METHODS: In this study, the inhibitory effect of SNG on the proliferation and growth of HeLa cell was detected by MTT assay. Next, cell cycle and apoptosis of HeLa cells was analyzed using Annexin-V/PI double staining and flow cytometry. Then, we measured intracellular ROS generation induced by SNG in HeLa cells by DCFH-DA (10 μM) staining, and the expression level of p-STAT3 and STAT3 was detected by Western blot. Finally, in order to study the effect of SNG on tumor growth in vivo, athymic nude mice were used in the vivo experiments. RESULT: This study showed that SNG dose-dependently decreased the tumor cell proliferation and induced a marked increase in cell apoptosis in HeLa cells. Western blot analysis results revealed that SNG-induced antitumor effect might be mediated by STAT3 inhibition. SNG increased the expression of the proapoptotic protein Bax and reduced the expression of the antiapoptotic protein Bcl-2. We further found that SNG dose-dependently increased ROS level in Hela cells. Moreover, pretreatment with N-acetyl-l-cysteine, a scavenger of ROS, almost reversed the SNG-induced anticancer effect. In addition, SNG inhibited human cervical cancer xenograft growth without exhibiting toxicity in vivo.
CONCLUSION: Our findings highlight STAT3 as a promising therapeutic target. We also demonstrate that SNG is a novel anticancer drug for the treatment of cervical cancer.

Introduction

Cervical cancer has become the second common malignant tumor in young and middle-aged women worldwide.1 There are 131,500 new cases of cervical cancer every year in China, accounting for more than 28% of the global cases.2 Currently, the traditional three treatment methods of cervical cancer, namely surgery, chemotherapy, and radiotherapy, are unable to achieve satisfactory therapeutic effects.3 Although radiotherapy is effective as a standard treatment to reduce surgical complications, it also triggers side effects which can be divided into 2 types.4 Early side effects include erythema of the skin, wet skin peeling, and mucositis. Meanwhile, late side effects include radiation-induced fibrosis, atrophy, neural damage, and a range of endocrine and growth-related effects.5–7 In particular, drug resistance in the treatment of cervical cancer is a major difficulty in clinical treatment. Therefore, it is an urgent problem to be solved to find a reasonable and effective treatment method for cervical cancer.

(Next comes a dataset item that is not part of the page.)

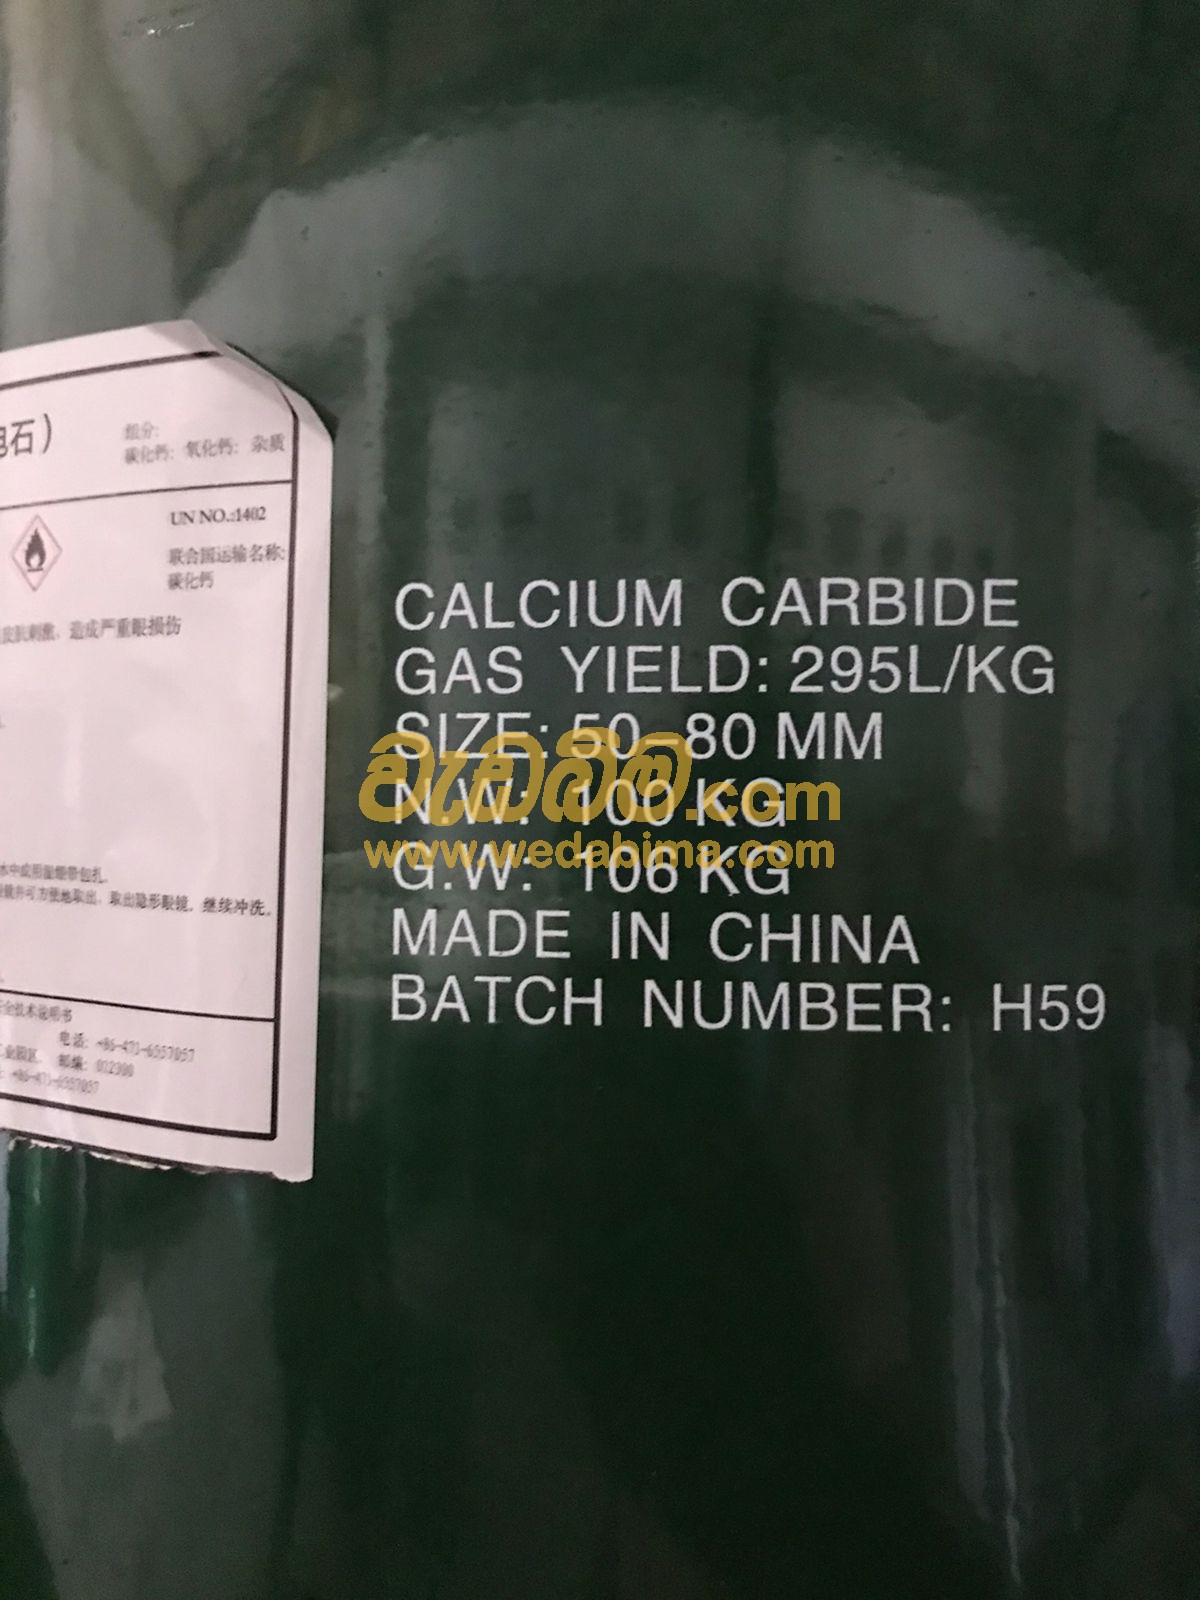 Calcium Carbide in Sri Lanka

Natural products are important sources of existing drugs and play a significant role in the discovery of antitumor drugs.8,9 In terms of antineoplastic drugs alone, about two-thirds come from natural products.10 Sanguinarine (SNG), an extract from the poppy family, has a variety of pharmacological activities, including antimicrobial, anti-inflammatory, antioxidative, and antifungal, and can improve liver function and immunity.11–14 In recent years, it has been found that SNG has antitumor effects on colorectal cancer, pancreatic cancer, and breast cancer.15–17 The mechanism of action of SNG on cervical cancer has rarely been reported.

The signal transducer and activator of transcription (STAT) family has dual roles of signal transduction and transcriptional activation and is a vital link of the JAK-STAT signaling pathway.18 As a member of the STAT family, the continuous activation of STAT3 is closely related to malignant transformation of tumors. STAT3 can inhibit proinflammatory cytokines produced by tumor cells, contribute to immune escape, and promote tumor invasion and metastasis.19 Therefore, the inhibition of STAT3 activity has a potential antitumor effect.

In this study, cervical cancer cells HeLa were taken as the research object to explore the mechanism of the effect of SNG on the ability of proliferation, apoptosis, and invasion of cervical cancer cells, so as to provide a new method for the treatment of cervical cancer.

Materials and methods

Reagents and antibodies

SNG was obtained from MedChem Express. The compounds used in vitro were dissolved in dimethylsulfoxide (DMSO). Antibodies including anti-Bax, anti-Bcl-2, anti-GAPDH, donkey anti-rabbit IgG-HRP and goat anti-mouse IgG-HRP horseradish peroxidase were purchased from Santa Cruz Biotechnology. Antibodies including p-STAT3 and STAT3 were obtained from Cell Signaling Technology. N-acetyl-L-cysteine (NAC), DMSO, and MTT were purchased from Sigma-Aldrich. ROS probe 2′,7′-dichlorodihydro fluorescein diacetate (DCFH-DA) was purchased from Thermo Fisher. FITC Annexin V Apoptosis Detection Kit I and propidium iodide (PI) were purchased from BD Pharmingen. A protease phosphatase inhibitor mixture was obtained from Applygen Technologies.

Cell culture of human cervical cancer cells

Human cervical cancer cell line HeLa was purchased from the American Type Culture Collection and cultured in minimum essential media (MEM) (Thermo Fisher Scientific, Waltham, MA, USA) with 10% FBS (Thermo Fisher Scientific). Cells were cultured in a humidified cell incubator with an atmosphere of 5% CO2 at 37°C.

Cell viability assay

We used the MTT assay to determine the effect of SNG on cell growth. Cervical cells were plated in 96-well plates at a density of 8000 cells per well and cultured overnight at 37°C. The next day, cells were treated with required concentrations of SNG (0.5, 1, 2.5, 5, 10, and 20 μM) for 24 hrs and 48 hrs. After the treatment, MTT reagent was added to each well and incubated for 3 hrs at 37°C. Later, DMSO was added per well to stop the reaction, and the absorbance was read at 490 nm.

Colony formation assays

To assess cervical cancer colony formation, HeLa cells were treated with SNG at various concentrations (0.5, 1, and 2 μM) for 24 hrs. Subsequently, the SNG-containing medium was removed, and the cells were incubated for an additional 7 days in a normal medium. Emerging colonies were stained with crystal violet solution. A colony was defined as a cluster of at least 50 cells that can be determined microscopically.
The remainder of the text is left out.